Full Length Research Paper
Abstract
Common variable immunodeficiency (CVID) comprises a heterogeneous group of primary antibody deficiencies with complex clinical and immunological phenotypes. A high risk for cancer has been described for some types of cancer among patients with CVID. Mutations in p53, a critical tumor suppressor gene, are one of the most common genetic alterations in human cancers, therefore contributes to the complex network of molecular events leading to tumor formation.

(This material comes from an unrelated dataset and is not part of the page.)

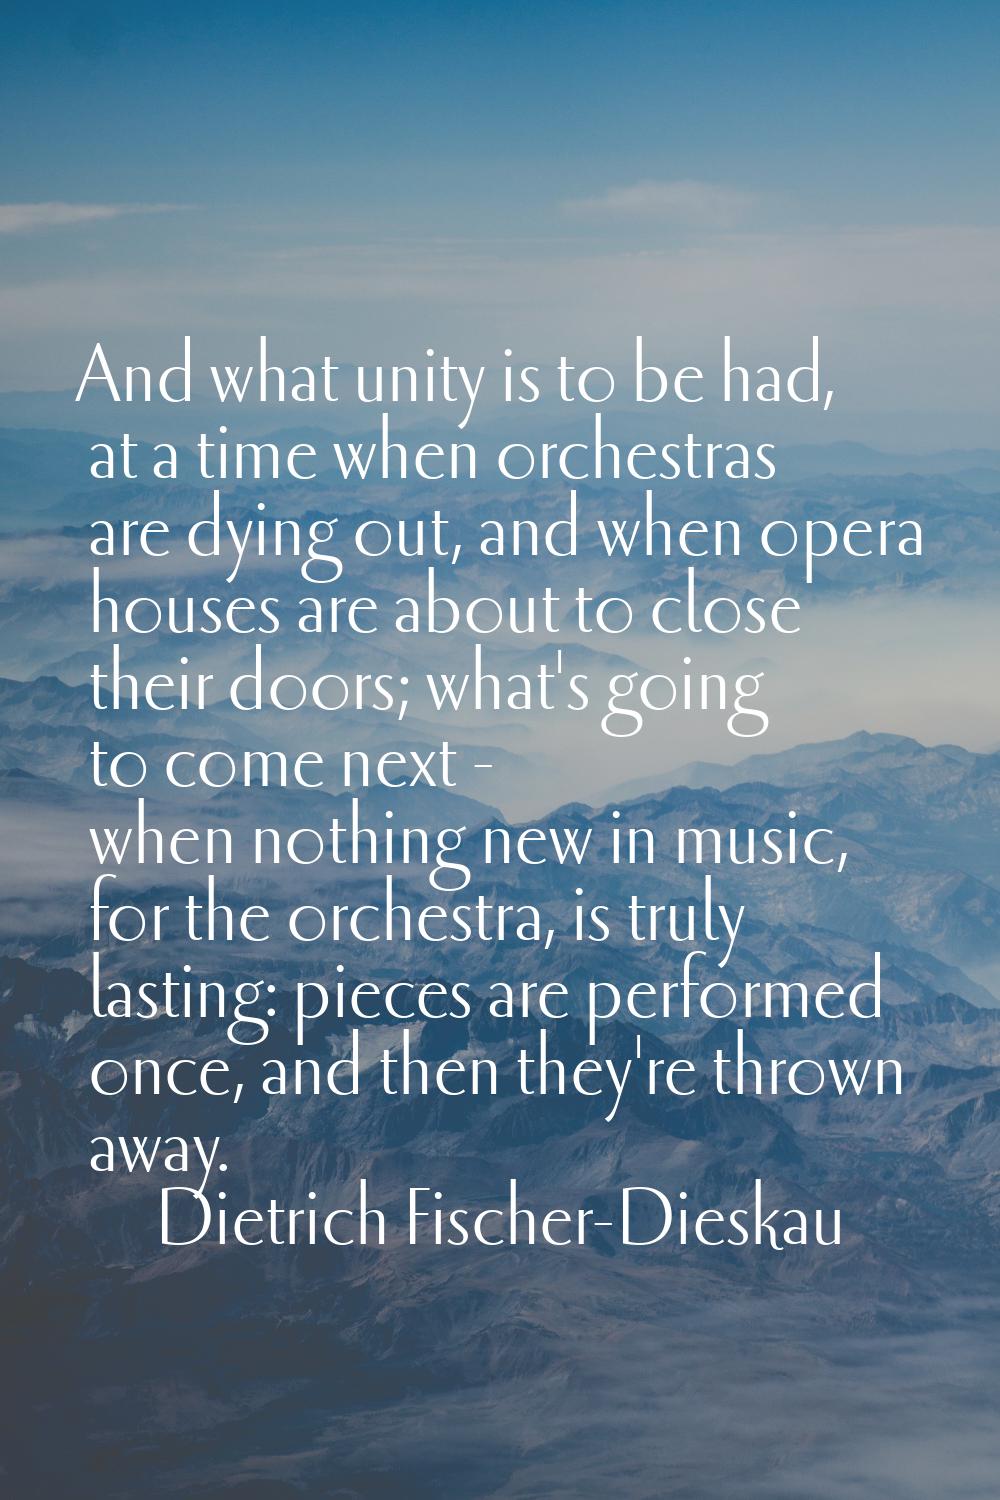 And what unity is to be had, at a time when orchestras are dying out, and when opera houses are abo

This prompted us to investigate the incidence of p53 gene mutations in patients with CVID and evaluated the predictive risk for tumor development. We investigated the presence of p53 mutations in patients with CVID, tumor samples and in the surgical margins of 34 patients with head and neck cancer using single strand conformational polymorphism and sequencing analysis. We investigated the presence of p53 mutations in genomic DNA samples of 20 patients with CVID and 10 healthy controls using polymerase chain reaction and heteroduplex analysis. None of the patients were found to have p53 gene mutations. Only one patient developed non-Hodgkin lymphoma (NHL) during nine years follow-up. P53 mutations was not also detected in tumor biopsy sample. We found no statistically significant association between the presences of p53 mutations in patients with CVID.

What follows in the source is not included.